I (Mikko Ohtamaa) am not currently maintaining this code. I just pulled in to Github for general good (was not available in public repo before). So if you file any issues I won't be looking into them.
The Levenshtein Python C extension module contains functions for fast computation of
- Levenshtein (edit) distance, and edit operations
- string similarity
- approximate median strings, and generally string averaging
- string sequence and set similarity
It supports both normal and Unicode strings.
Python 2.2 or newer is required.
StringMatcher.py is an example SequenceMatcher-like class built on the top of Levenshtein. It misses some SequenceMatcher's functionality, and has some extra OTOH.

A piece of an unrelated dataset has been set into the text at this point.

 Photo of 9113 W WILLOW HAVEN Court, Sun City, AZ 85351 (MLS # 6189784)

Levenshtein.c can be used as a pure C library, too. You only have to define NO_PYTHON preprocessor symbol (-DNO_PYTHON) when compiling it. The functionality is similar to that of the Python extension. No separate docs are provided yet, RTFS. But they are not interchangeable:
- C functions exported when compiling with -DNO_PYTHON (see Levenshtein.h) are not exported when compiling as a Python extension (and vice versa)
- Unicode character type used with -DNO_PYTHON is wchar_t, Python extension uses Py_UNICODE, they may be the same but don't count on it
gendoc.sh generates HTML API documentation, you probably want a selfcontained instead of includable version, so run in ./gendoc.sh --selfcontained. It needs Levenshtein already installed and genextdoc.py.

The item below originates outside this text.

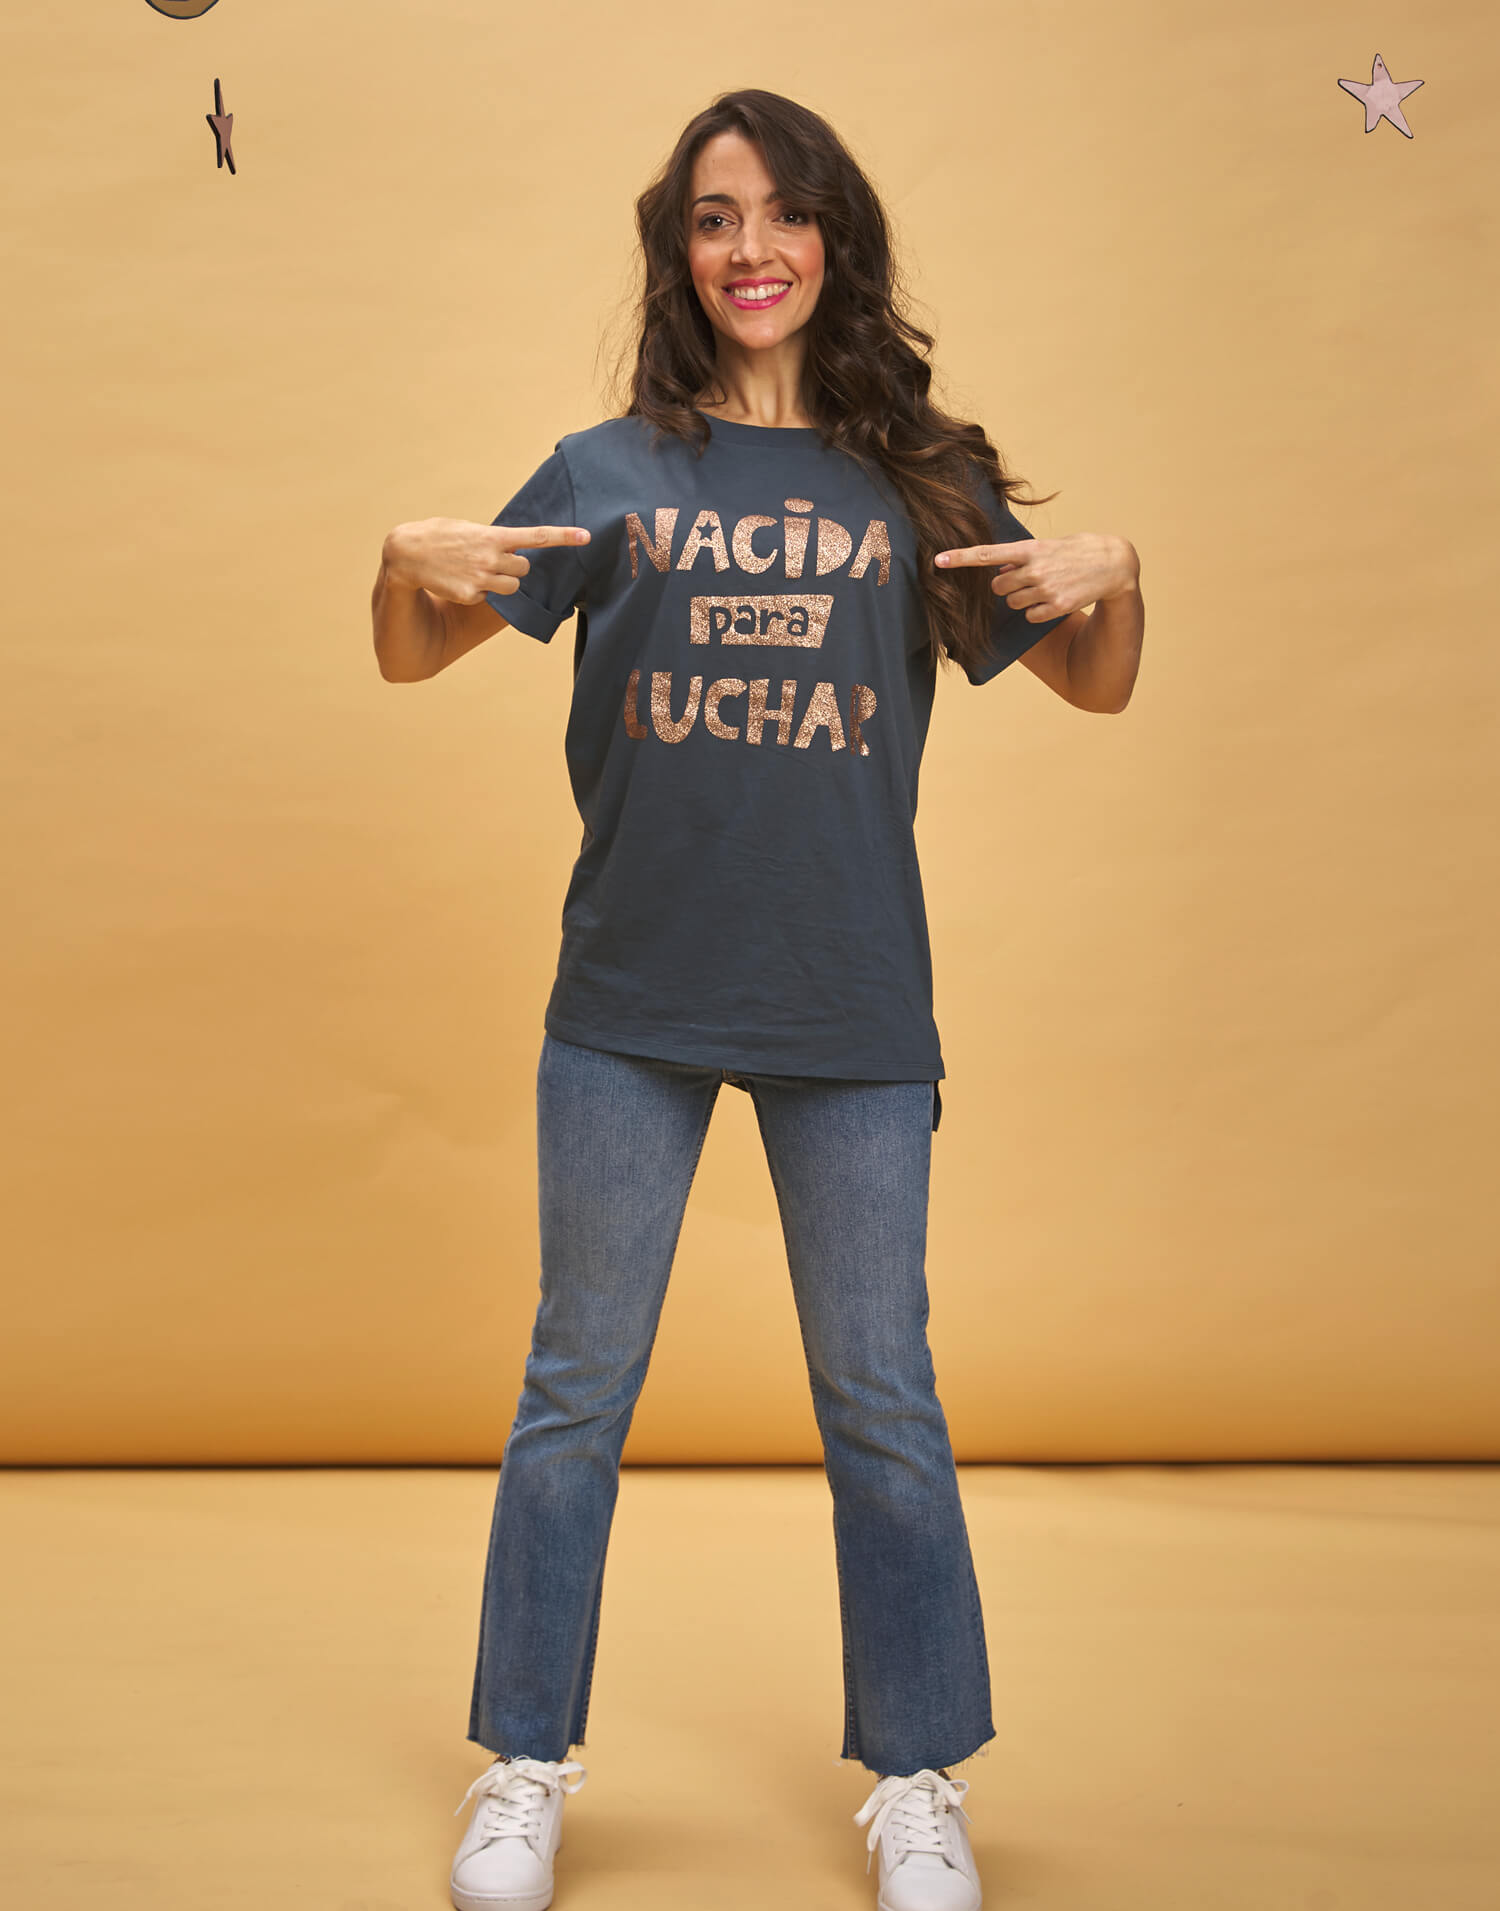 Camiseta de mujer 2019 'Nacida para luchar'

Levenshtein can be copied and/or modified under the terms of GNU General Public License, see the file COPYING for full license text.
The project is not under active development as far as the maintainer knows.
- Maintainer: Mikko Ohtamaa - I am not actively doing anything for this, please feel free take over PyPi and Github administration
- David Necas (Yeti) <yeti at physics.muni.cz>